State of the Union addresses

Description

State of the Union addresses

Usage

data(sotu_texts)

Format

data.frame


Basic stopword lists

Description

Basic stopword lists

Usage

data(stopwords_list)

Format

A named list, with names matching the languages used by SnowballC


Subset tCorpus token data using a query

Description

A convenience function that searches for contexts (documents, sentences), and uses the results to subset the tCorpus token data.

Usage

subset_query(
  tc,
  query,
  feature = "token",
  context_level = c("document", "sentence"),
  not = F,
  as_ascii = F,
  window = NA
)

Arguments

tc

A tCorpus

query

A character string that is a query. See search_contexts for query syntax.

feature

The name of the feature columns on which the query is used.

context_level

Select whether the query and subset are performed at the document or sentence level.

not

If TRUE, perform a NOT search. Return the articles/sentences for which the query is not found.

as_ascii

if TRUE, perform search in ascii.

window

If used, uses a word distance as the context (overrides context_level)

Details

See the documentation for search_contexts for an explanation of the query language.

Examples

text = c('A B C', 'D E F. G H I', 'A D', 'GGG')
tc = create_tcorpus(text, doc_id = c('a','b','c','d'), split_sentences = TRUE)

## subset by reference
tc2 = subset_query(tc, 'A')
tc2$meta

S3 subset for tCorpus class

Description

S3 subset for tCorpus class

Usage

## S3 method for class 'tCorpus'
subset(x, subset = NULL, subset_meta = NULL, window = NULL, ...)

Arguments

x

a tCorpus object

subset

logical expression indicating rows to keep in the tokens data.

subset_meta

logical expression indicating rows to keep in the document meta data.

window

If not NULL, an integer specifiying the window to be used to return the subset. For instance, if the subset contains token 10 in a document and window is 5, the subset will contain token 5 to 15. Naturally, this does not apply to subset_meta.

...

not used

Examples

## create tcorpus of 5 bush and obama docs
tc = create_tcorpus(sotu_texts[c(1:5,801:805),], doc_col='id')

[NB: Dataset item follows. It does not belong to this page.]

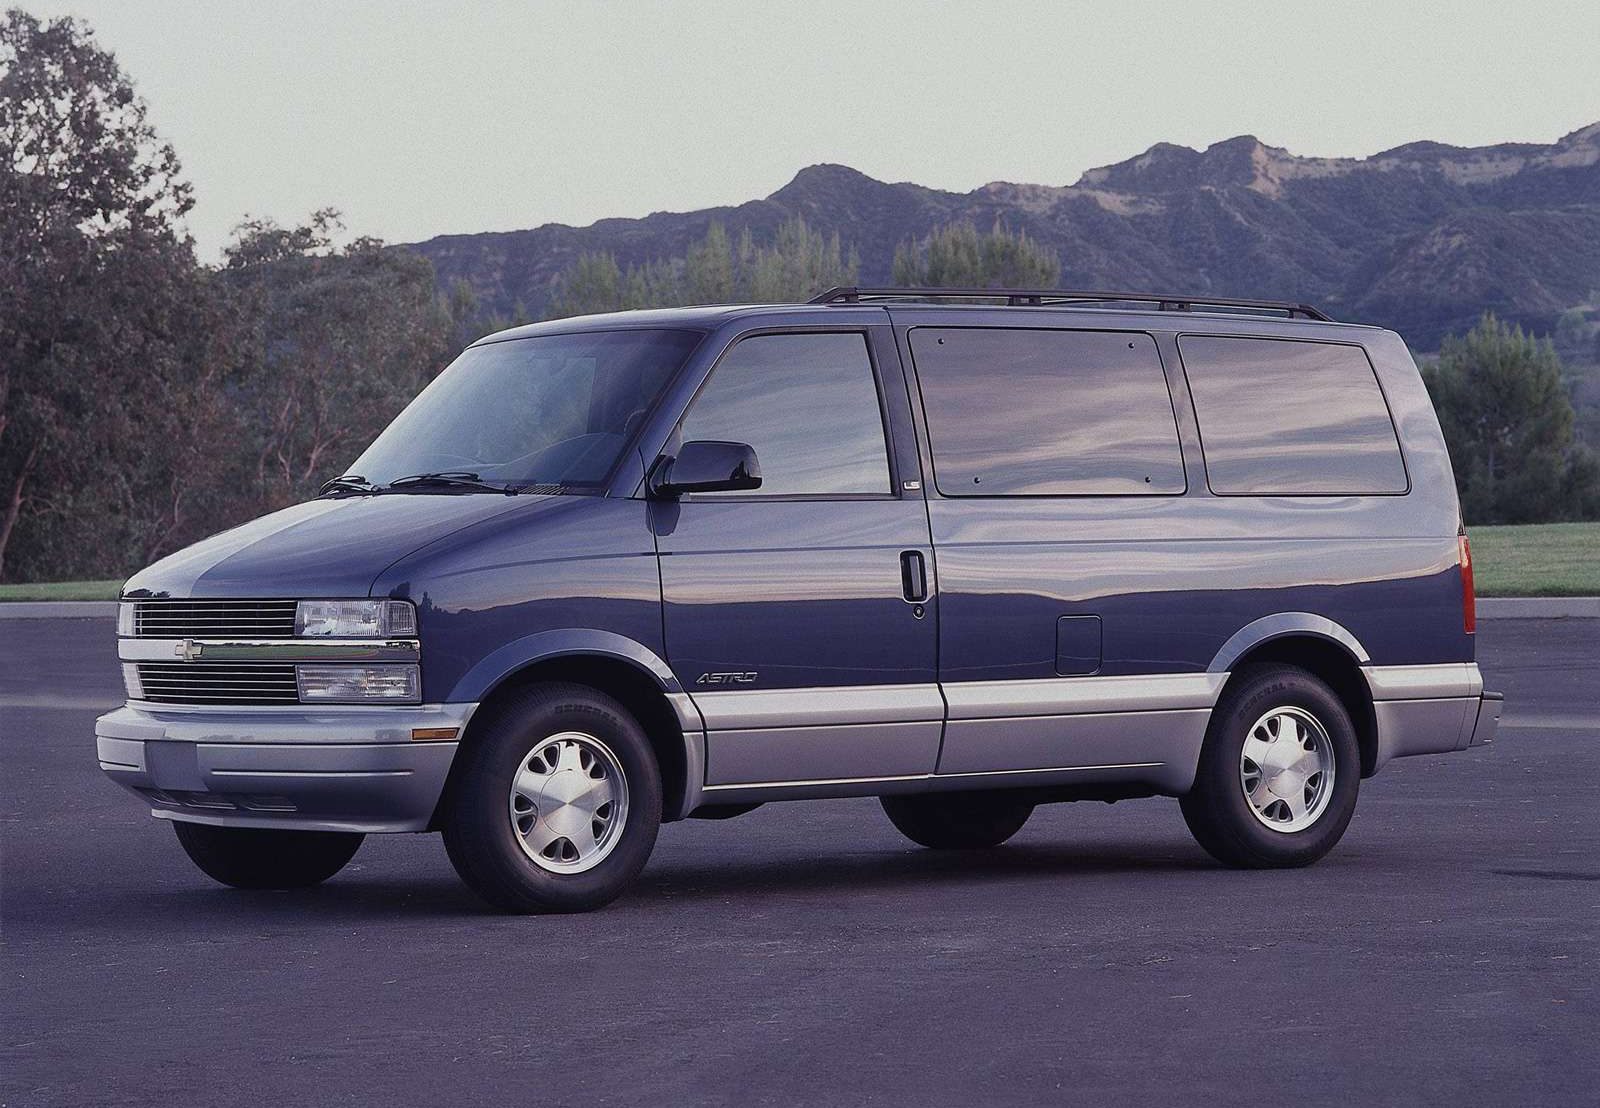 An image of a Chevrolet Astro parked outside.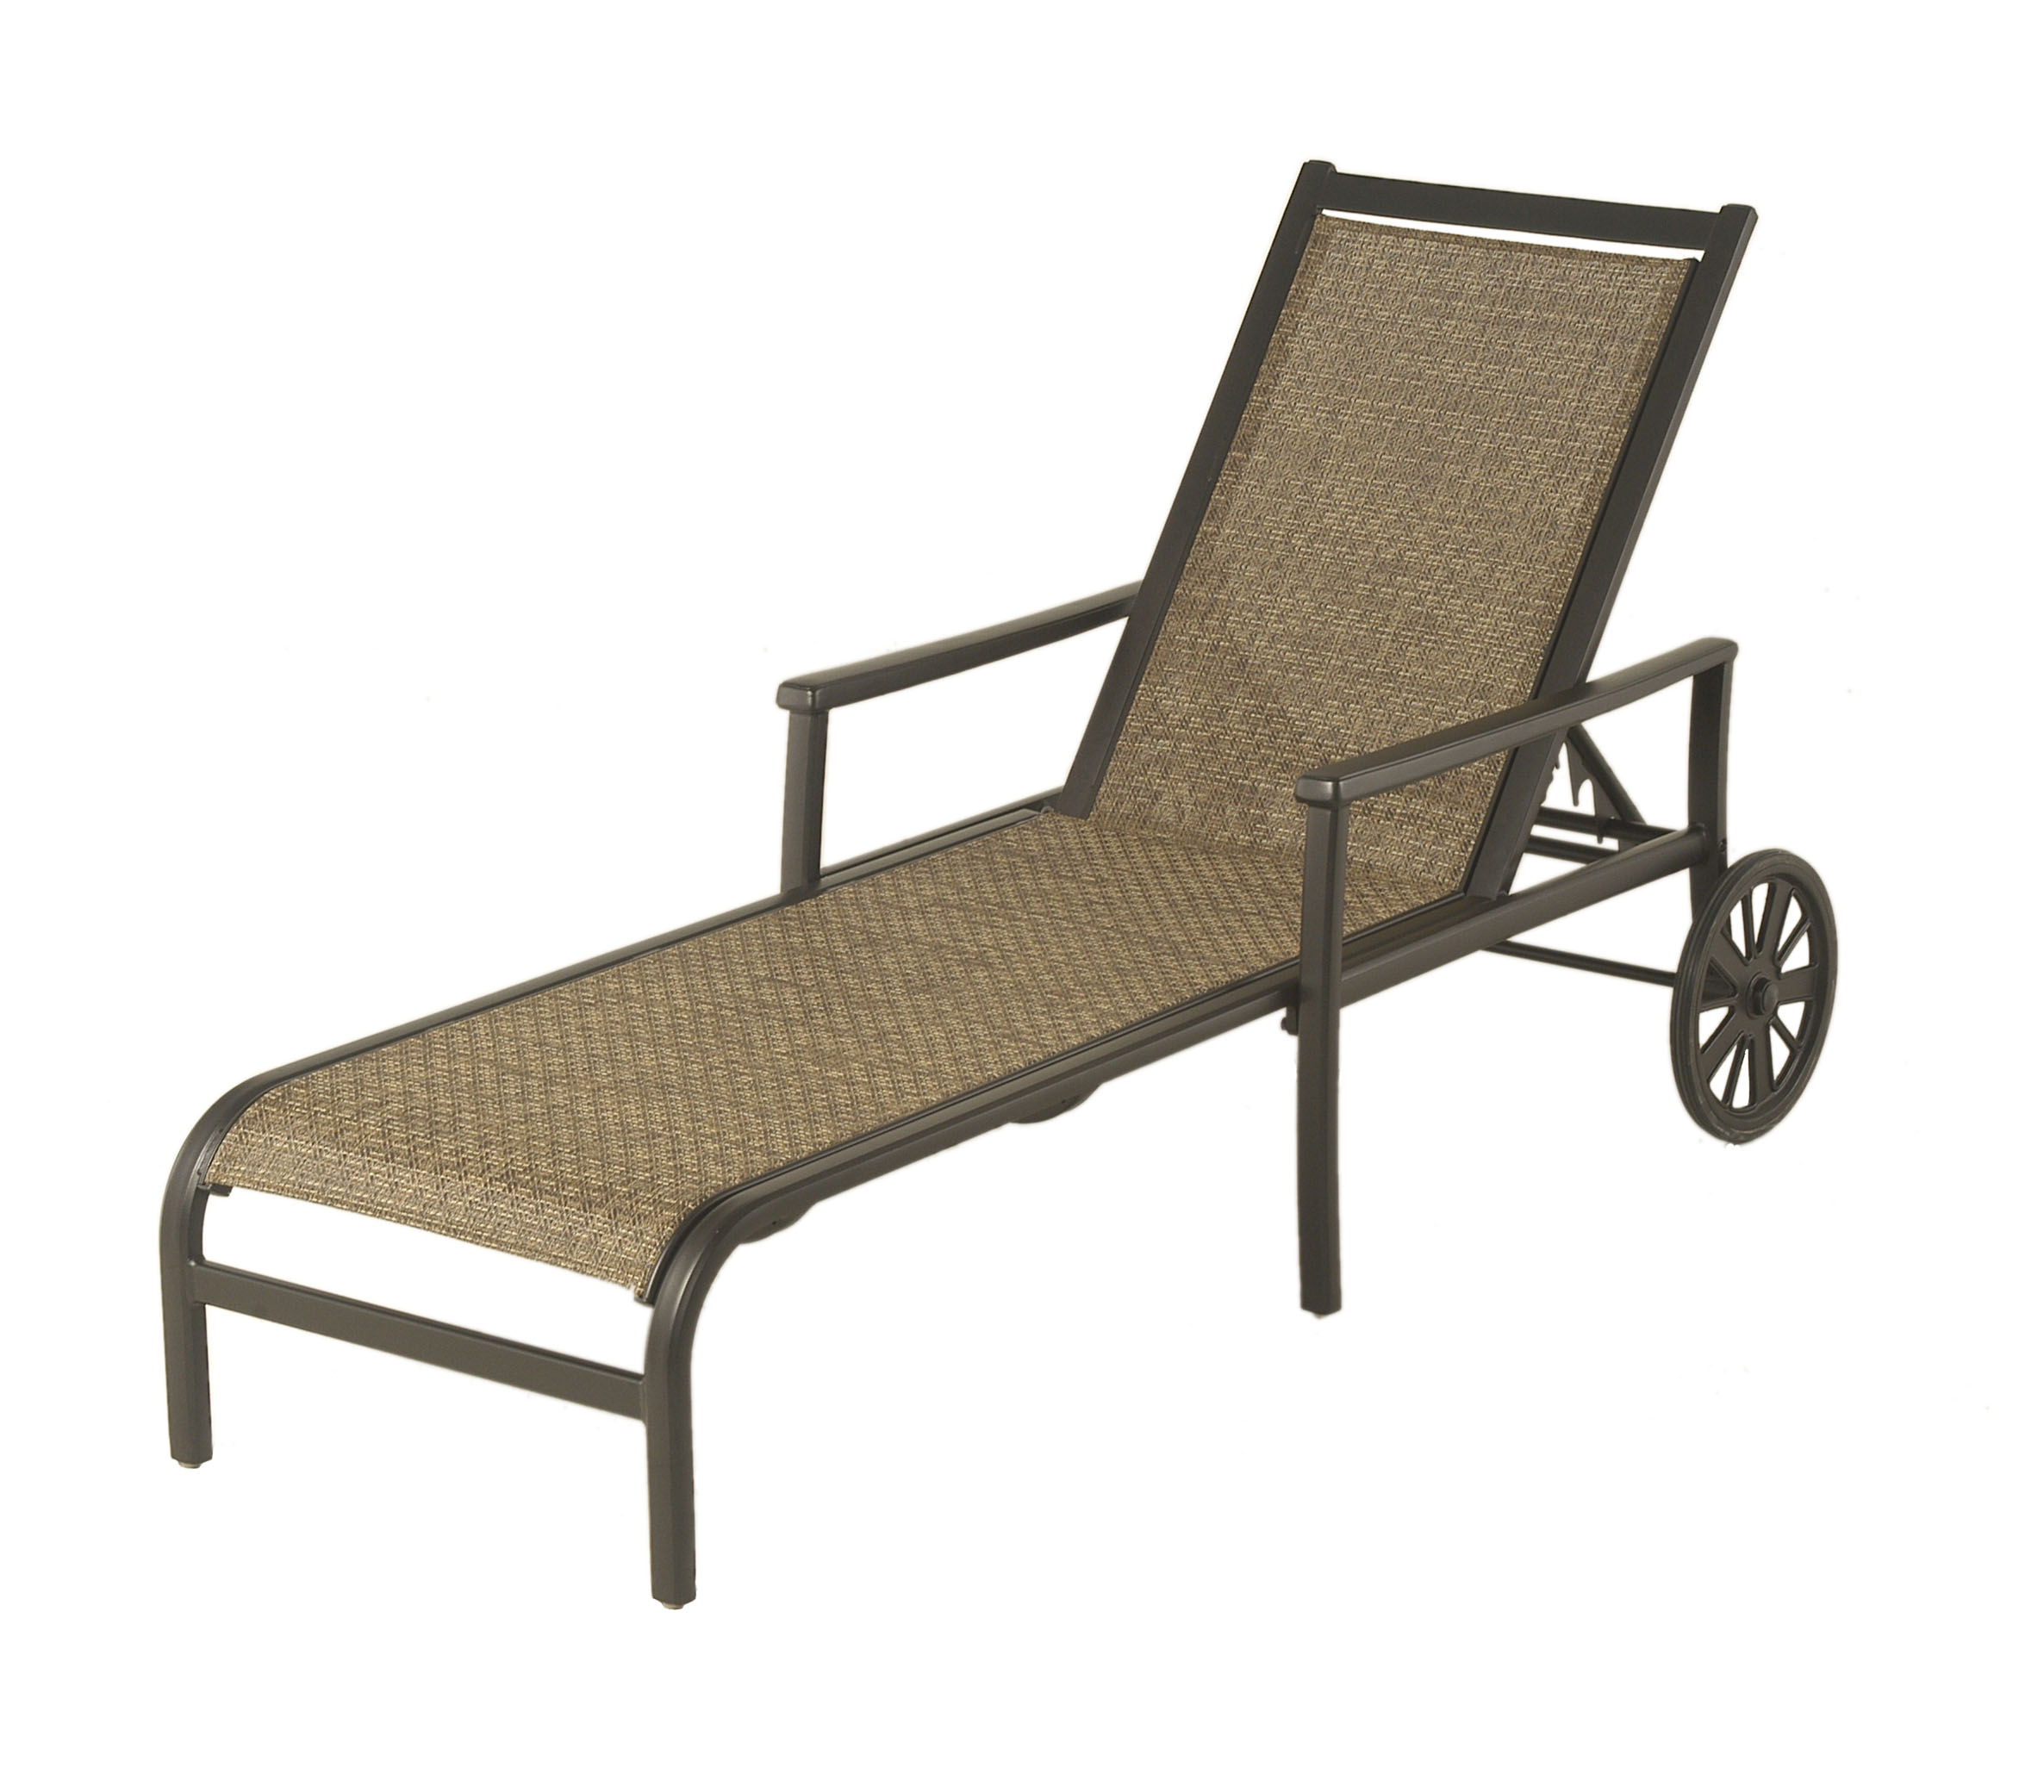 Stratford Sling Chaise Lounge

## subset to keep only tokens where token_id <= 20 (i.e.first 20 tokens)
tcs1 = subset(tc, token_id < 20)
tcs1

## subset to keep only documents where president is Barack Obama
tcs2 = subset(tc, subset_meta = president == 'Barack Obama')
tcs2

S3 summary for contextHits class

Description

S3 summary for contextHits class

Usage

## S3 method for class 'contextHits'
summary(object, ...)

Arguments

object

a contextHits object, as returned by search_contexts

...

not used

Examples

text = c('A B C', 'D E F. G H I', 'A D', 'GGG')
tc = create_tcorpus(text, doc_id = c('a','b','c','d'), split_sentences = TRUE)
hits = search_contexts(tc, c('query label# A AND B', 'second query# (A AND Q) OR ("D E") OR I'))

summary(hits)

S3 summary for featureHits class

Description

S3 summary for featureHits class

Usage

## S3 method for class 'featureHits'
summary(object, ...)

Arguments

object

a featureHits object, as returned by search_features

...

not used

Examples

text = c('A B C', 'D E F. G H I', 'A D', 'GGG')
tc = create_tcorpus(text, doc_id = c('a','b','c','d'), split_sentences = TRUE)
hits = search_features(tc, c('query label# A AND B', 'second query# (A AND Q) OR ("D E") OR I'))

summary(hits)

Summary of a tCorpus object

Description

Summary of a tCorpus object

Usage

## S3 method for class 'tCorpus'
summary(object, ...)

Arguments

object

A tCorpus object

...

not used

Examples

tc = create_tcorpus(c('First text', 'Second text'))
summary(tc)

Visualize a dependency tree

Description

A wrapper for the plot_tree function, that can be used directly on a tCorpus.

Usage

tc_plot_tree(
  tc,
  ...,
  annotation = NULL,
  sentence_i = 1,
  doc_id = NULL,
  pdf_file = NULL
)

Arguments

tc

a tCorpus

...

Arguments passed to plot_tree. Most importantly, this is used to select which specific columns to display on the bottom rows. For instance, tc_plot_tree(tc, token, lemma, POS) shows only these three columns.

annotation

Optionally, the name of a column with an rsyntax annotation.

sentence_i

By default, plot_tree uses the first sentence (sentence_i = 1) in the data. sentence_i can be changed to select other sentences by position (the i-th unique sentence in the data). Note that sentence_i does not refer to the values in the sentence column (for this use the sentence argument together with doc_id)

doc_id

Optionally, the document id can be specified. If so, sentence_i refers to the i-th sentence within the given document.

pdf_file

Directly save the plot as a pdf file

Value

plots a dependency tree.

Examples

if (interactive()) 
  tc_plot_tree(tc_sotu_udpipe, token, lemma, POS)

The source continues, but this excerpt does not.